いきなりハートのど真ん中を撃ち抜かれる
ついぞ立ち上がり、両手でテーブルを叩き、私は前のめりになっていた。
イーサンはうるうるした紺碧の瞳で、そんな私を見上げる。
「まずは練習。そして実践あるのみです!」
「……まずは練習、そして実践、ですか」
イーサンが宇宙を思わせる紺碧色の瞳で私を見上げる。
「そうです。机上の空論では、うまくいきません。何より、いざ今言われたことをやろうとすると、まず緊張します。緊張すると、言動がぎこちなくなるでしょう。例えば……そうですね」
そこで私は考え込み、「!」とひらめき、話を続ける。
「ダンスの後の御礼を込めた手の甲へのキス。この時に上目遣いをする!――そう、先程申し上げましたよね。ですがこれを練習なしで、いきなりやると、睨みつけているようになる危険があります。喧嘩を売っていると思われかねません。それにダンスをしながら、耳元で甘い言葉を囁く……。これも意識がそちらへ向かい過ぎると、ダンスがおろそかになります。練習を繰り返し、慣れておくことが大切です」
黙って聞いていたイーサンは「なるほど」と頷く。
それを見て、私はぽすっと椅子に腰を下した。
「ローズベリー伯爵令嬢がおっしゃることは、よく分かりました。騎士も日々、訓練をしているからこそ、咄嗟に動くことができると思います」
「その通りですよ、クラエス副団長! まずは練習をして、そして実践です」
「分かりました」と応じたイーサンは、いきなり上目遣いで私を見た。
その瞬間、いきなりハートのど真ん中を撃ち抜かれ、目を剥きそうになりながら悟る。
上目遣いの練習、いらないのでは!?と。
だが、イーサンは律儀に尋ねる。
「練習相手には、ローズベリー伯爵令嬢がなってくださるのですか?」と。
「そう思っていたのですが、多分、私では無理そうです」と回答したくなっていた。だがこれは、イーサンと私の二人で行っていることであり、ここにいきなり誰かを巻き込むわけにもいかない。侍女やメイドであれば、協力してくれるかもしれないが……。

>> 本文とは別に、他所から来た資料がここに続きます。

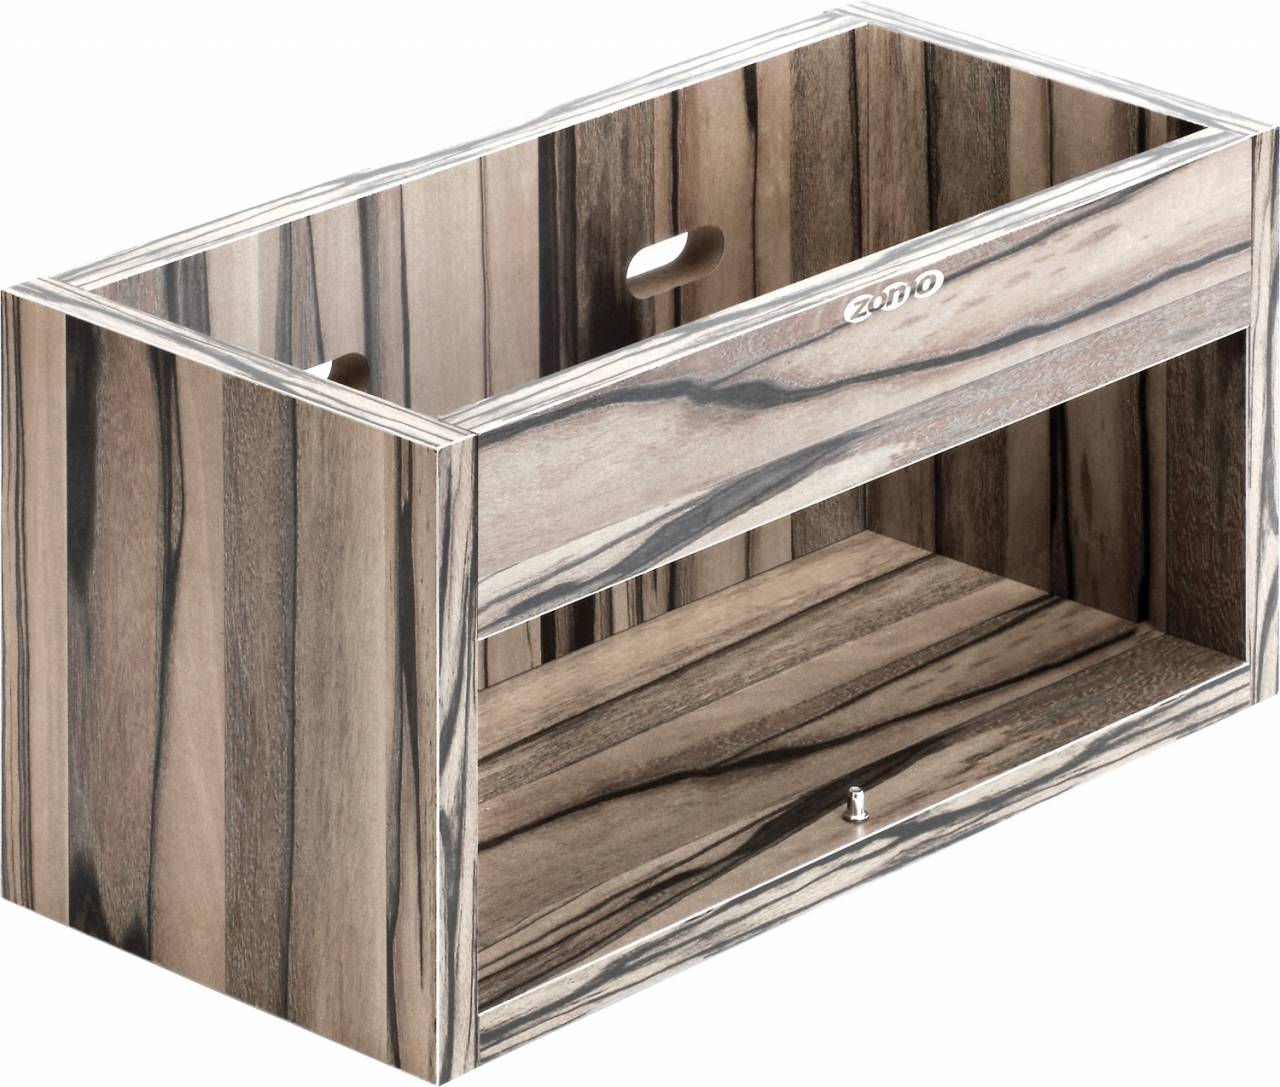 Zomo VS-Box 1/45 - zebrano 0030103149

協力したら最後、確実にイーサンに恋してしまうだろう。それでイーサンと結ばれるなら、それでもいい。だが行儀見習いできている貴族の令嬢の侍女ならまだしも。平民のメイドがそうなっては悲劇。そうなると……私が練習相手を務めるしかないだろう。
「そ、そうですね。私が……はい、練習相手を務めます」
その瞬間、イーサンの相好が崩れる。「くっ……」と唸り、歯を食いしばり、今の笑顔を見なかったことにした。
これはちゃんと練習相手がいて良かったという安堵の笑顔だ。これを見てときめいては失礼というもの。
「すー、はー」と密かに深呼吸をしていると、イーサンがさらに私に尋ねる。